What the Museum Does
NMAAM covers the full breadth of African American contributions to American music from sacred music and spirituals through hip-hop and R&B. The 56,000-square-foot space is organized into five “rivers”, gospel, blues, jazz, rhythm and blues, and country and roots, that flow together to show how American popular music developed from Black creative foundations.
The museum makes an argument the rest of Nashville’s music industry has been slow to make: that country music, rock and roll, pop, jazz, R&B, and hip-hop all draw from the same African American musical traditions, and that separating them into genre categories obscures more than it reveals.
Nashville’s own history bears this out. Jimi Hendrix learned guitar on Jefferson Street in the 1960s, playing clubs in Nashville’s Black entertainment district. James Brown recorded “Sex Machine” in Nashville. Bobby Hebb wrote “Sunny” here.
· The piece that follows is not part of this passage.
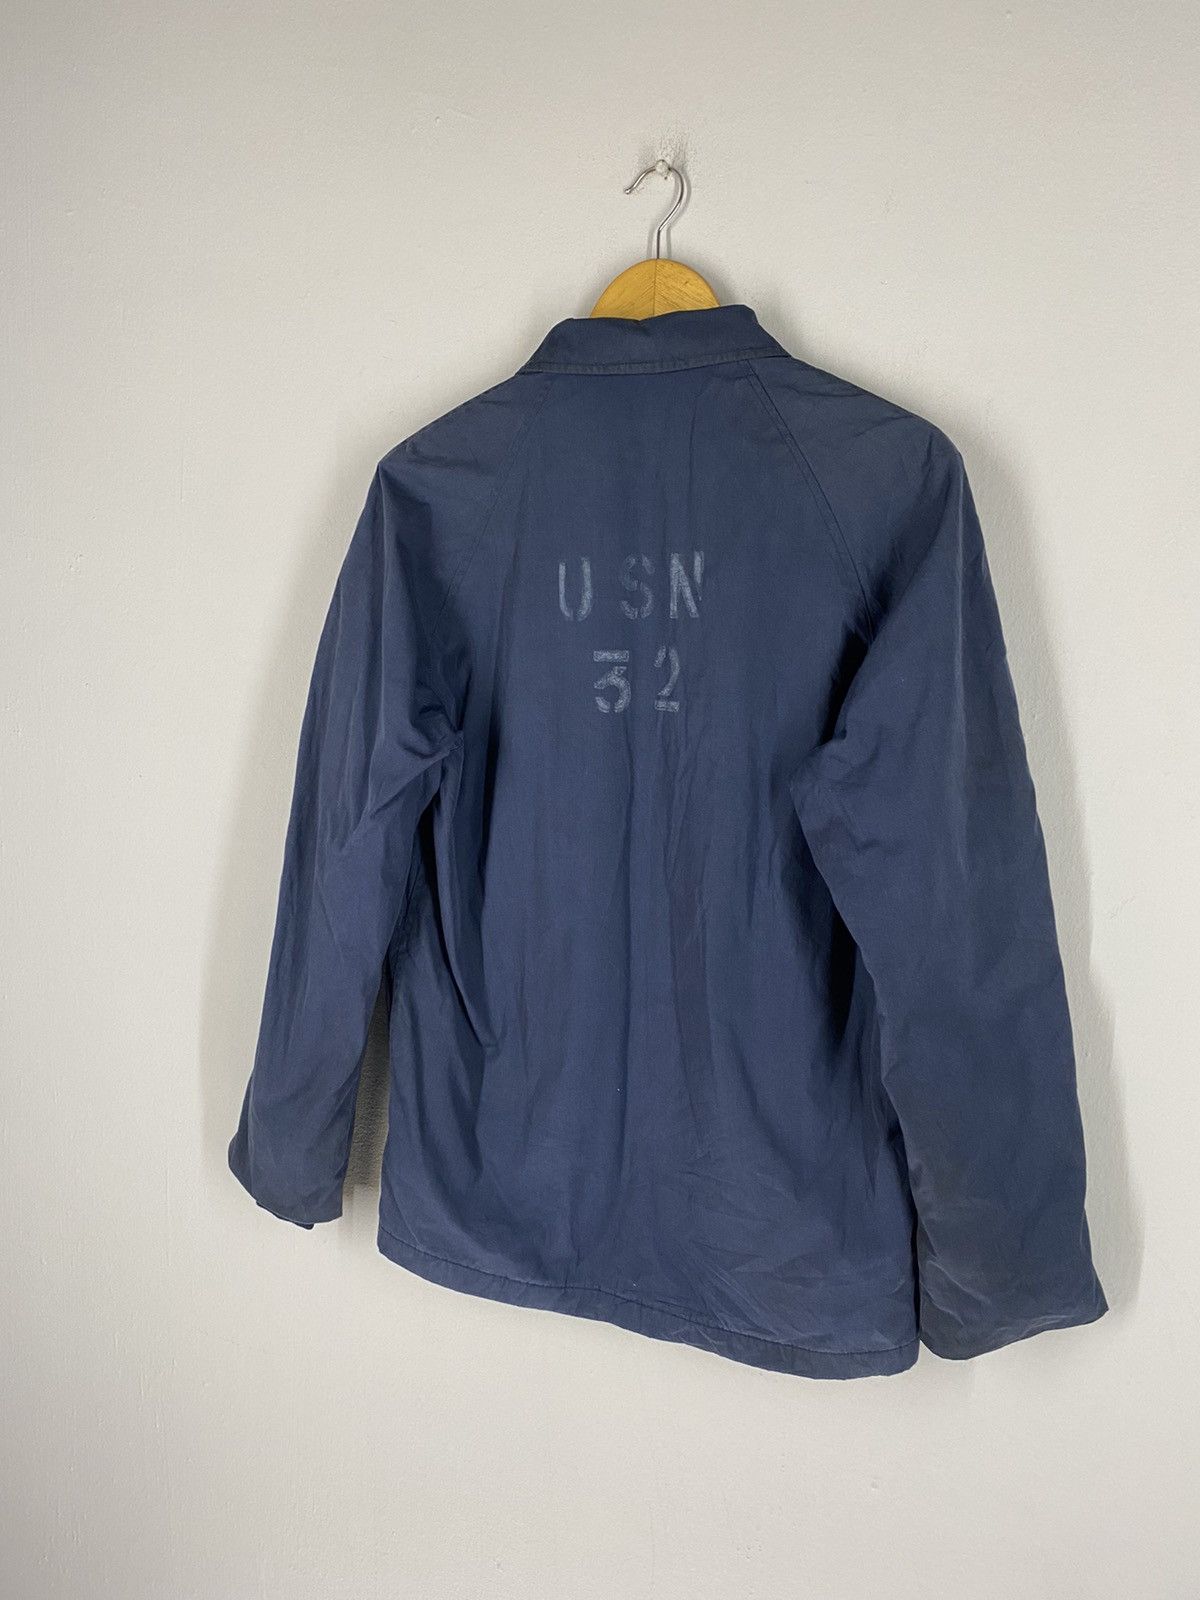 Usn Vintage 80s USN 32 Top Zipper Jacket Size US S / EU 44-46 / 1 - 2 Preview

The 1-40 interstate highway construction of the late 1960s physically demolished Jefferson Street’s club district, a destruction of a thriving Black cultural neighborhood in service of suburban convenience, and that history is told here.
The Fisk Jubilee Singers, formed in 1871 and responsible for Nashville’s “Music City” nickname following their 1873 European tour, are part of this story. The museum gives them and Nashville’s HBCU musical tradition the context usually absent from mainstream Nashville music history.
The Exhibits
Interactive elements are central to the design. The centerpiece is the “One Nation Under A Groove” gallery, a 360-degree experience exploring how African American music connected a nation. The museum includes a replica of the Apollo Theater stage where visitors can perform; a wall of fame documenting artists across genres; and listening stations with significant recordings.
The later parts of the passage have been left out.